My mother, by contrast, was the much-needed brake, always ready to bring Papa down to earth with a smack of common sense, and I recall her sitting coolly in a cage just upstairs from Bollywood Nights’ main door, penciling in the accounts from her lofty perch.

But above us all, the vultures that fed off the bodies in the Tower of Silence, the Parsi burial grounds up on Malabar Hill.

The vultures I remember, too.

Always circling and circling and circling.

Chapter Two

Let me think happy thoughts. If I close my eyes I can picture our old kitchen now, smell the clove and bay leaf, hear the spitting of the kadai. Bappu’s gas rings and tawa grills were off to the left as you entered, and you’d often see him sipping his milky tea, the four basic masalas of Indian cooking bubbling away under his watchful eye. On his head, the toque, the towering chef’s hat of which he was so proud. Energetic cockroaches, antennae waving, scampered across the trays of raw shellfish and sea bream to his elbow, and at his fingertips were the little bowls of his trade—garlic water, green peas, a creamy coconut and cashew gruel, chili and ginger purees.

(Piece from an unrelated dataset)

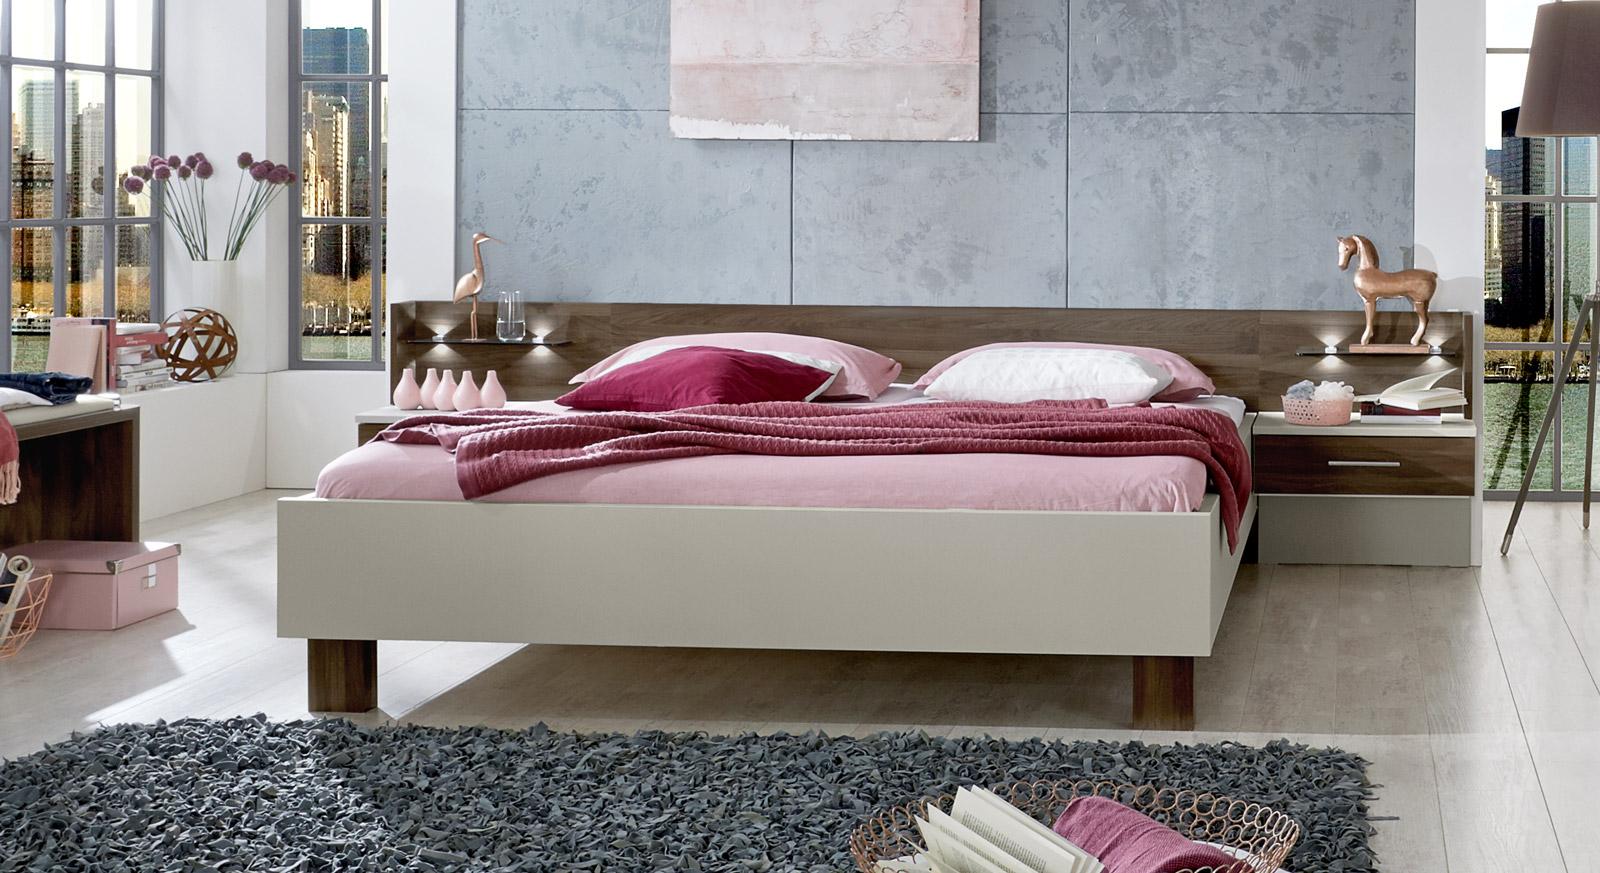 bett modern design bilder das wirklich sch ne mobelpix. Black Bedroom Furniture Sets. Home Design Ideas
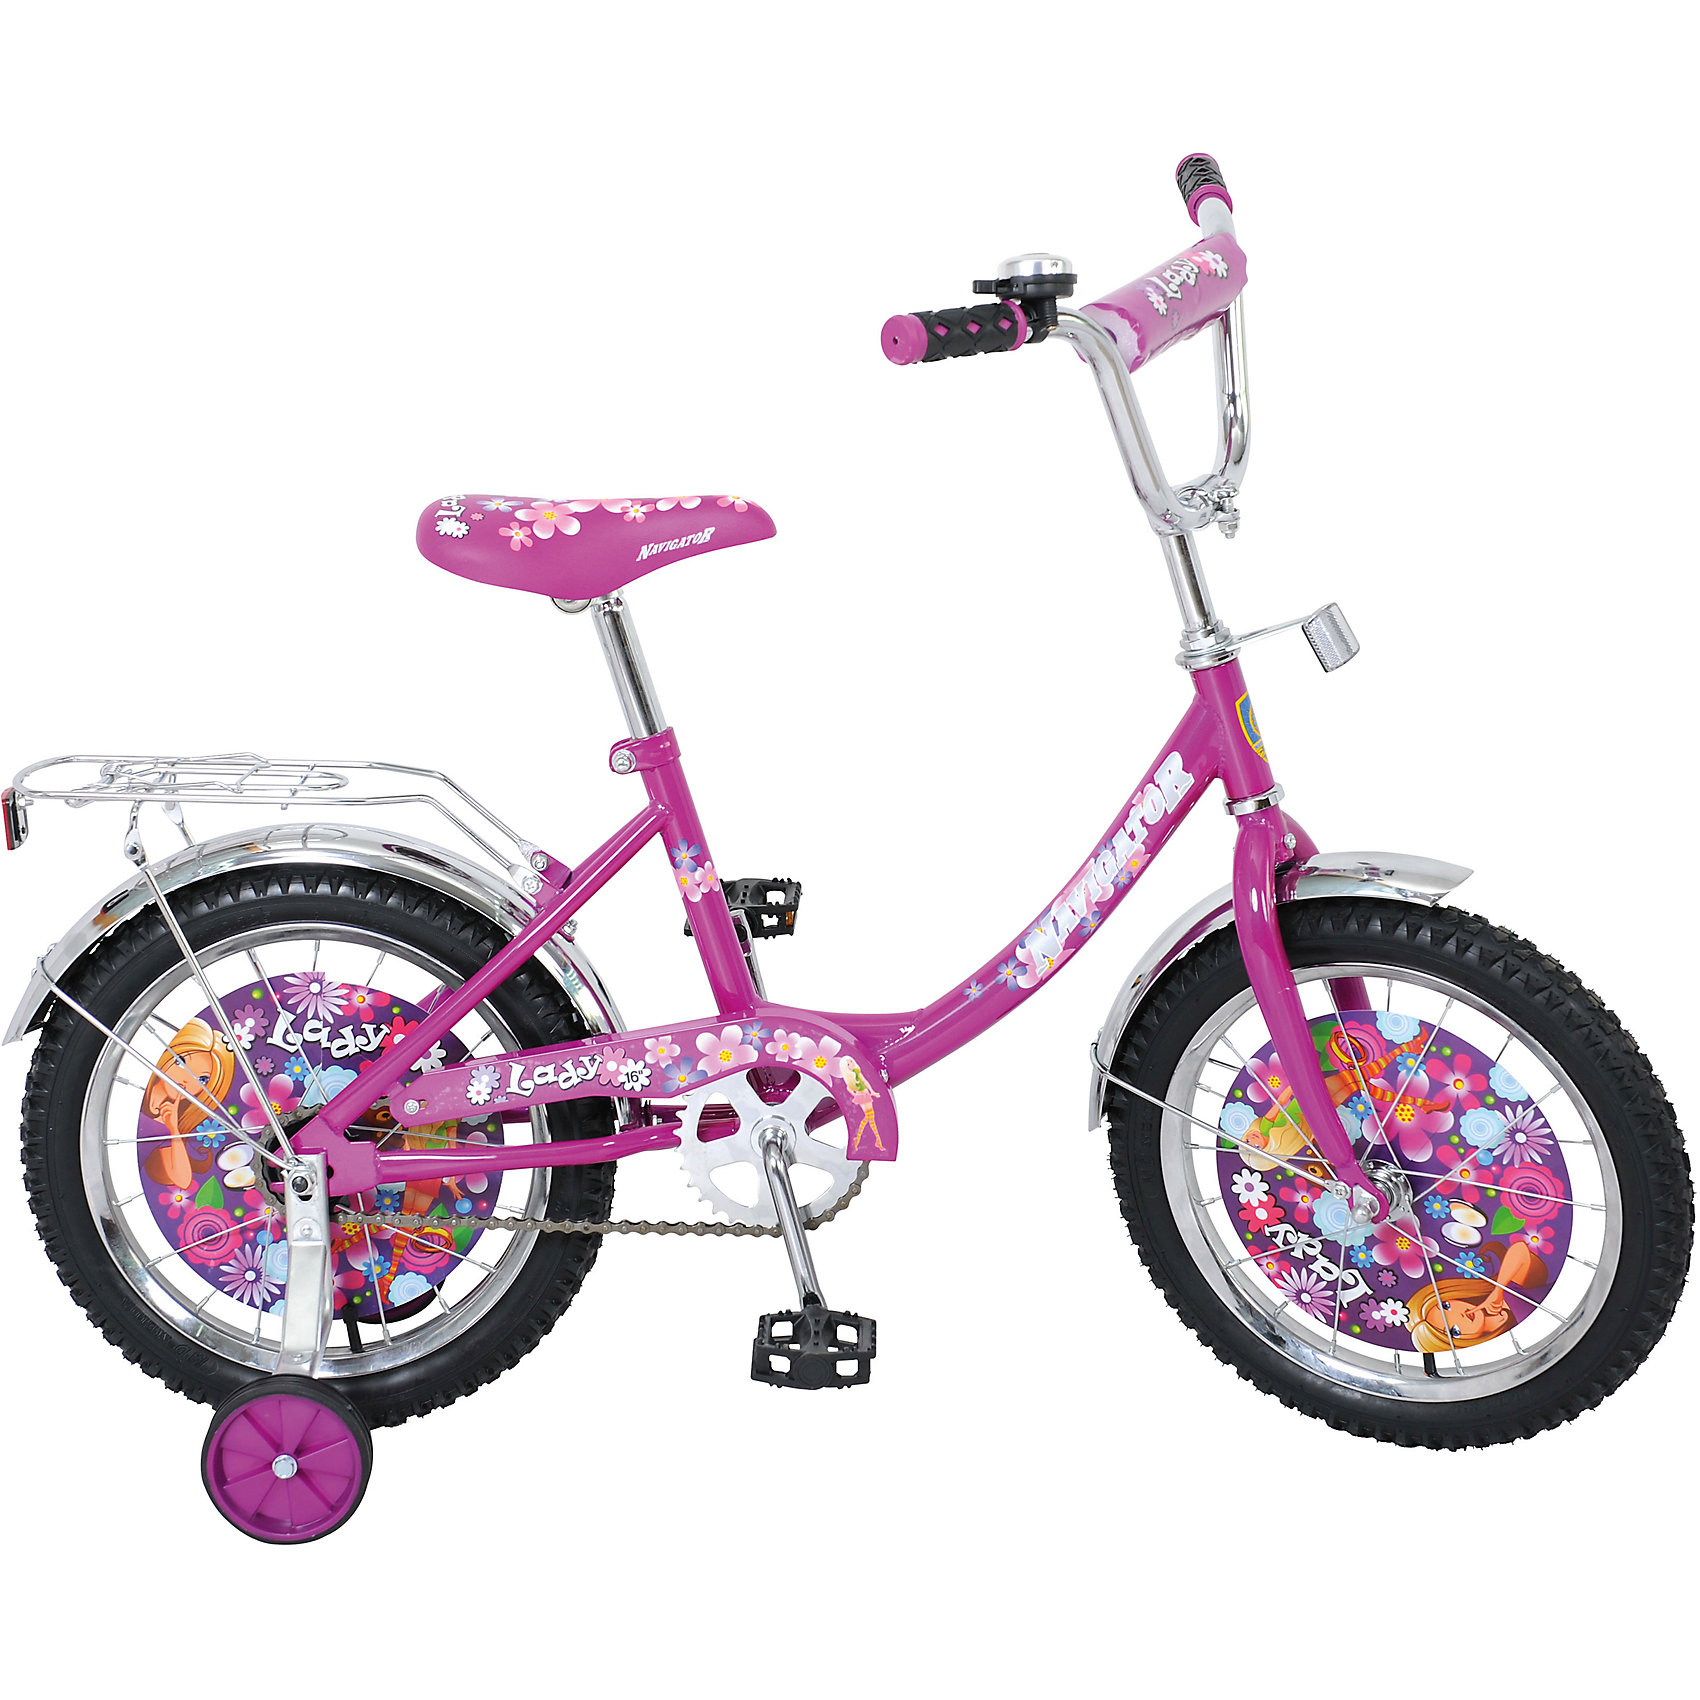 Двухколесный велосипед Lady, фиолетовый, Navigator

Bappu, seeing me at the door, signaled for me to come over to watch a platter of lamb brains slide into the kadai, the pink mass landing among prattling onions and furiously spitting lemongrass. Next to Bappu stood a fifty-gallon steel vat of cottage cheese and fenugreek, simmering, two boys evenly stirring the milky soup with wooden trowels, and to the far right huddled our cooks from Uttar Pradesh. Only these northerners—my grandmother decided—had the right feel for tandoori, the deep coal pots from which emerged toasted skewers of marinated eggplant and chicken and green peppers with prawns. And upstairs, the apprentices only slightly older than myself working under a yellow garland of flowers and smoking incense.

It was their job to strip leftover tandoori chicken from the bones, snap beans over a barrel, shave ginger until it liquified. These teenagers, when off-duty, smoked cigarettes in the alleys and hooted after girls, and they were my idols. I spent a good deal of my childhood sitting with them, on a footstool in the upstairs cold kitchen, chatting away as an apprentice neatly split okra with a knife, using his finger to smear a lurid red chili paste on the vegetable’s white inner thighs. There are few things more elegant in this world than a coal black teenager from Kerala dicing coriander: a flurry of knife, a chopping roll, and the riot of awkward leaves and stems instantly reduced to a fine green mist. Such incomparable grace.

One of my favorite vacation pastimes, however, was accompanying Bappu on his morning trips to Bombay’s Crawford Market. I went because he would buy me jalebi, a twist of fermented daal and flour that is deep-fried and then drenched in sugary syrup. But I wound up, without trying, picking up a most valuable skill for a chef, the art of selecting fresh produce.

We started at Crawford’s fruit and vegetable stalls, baskets stacked high in between narrow walkways. Fruiterers delicately built pomegranate towers, a bed of purple tissue fanning out below them in the shape of lotus flowers. Baskets were filled with coconuts and star fruit and waxy beans, and they rose vertically, several floors up, creating a sweet-smelling tomb. And the corridors, always neat and tidy, the floor swept, the expensive fruit hand polished to a waxy gloss.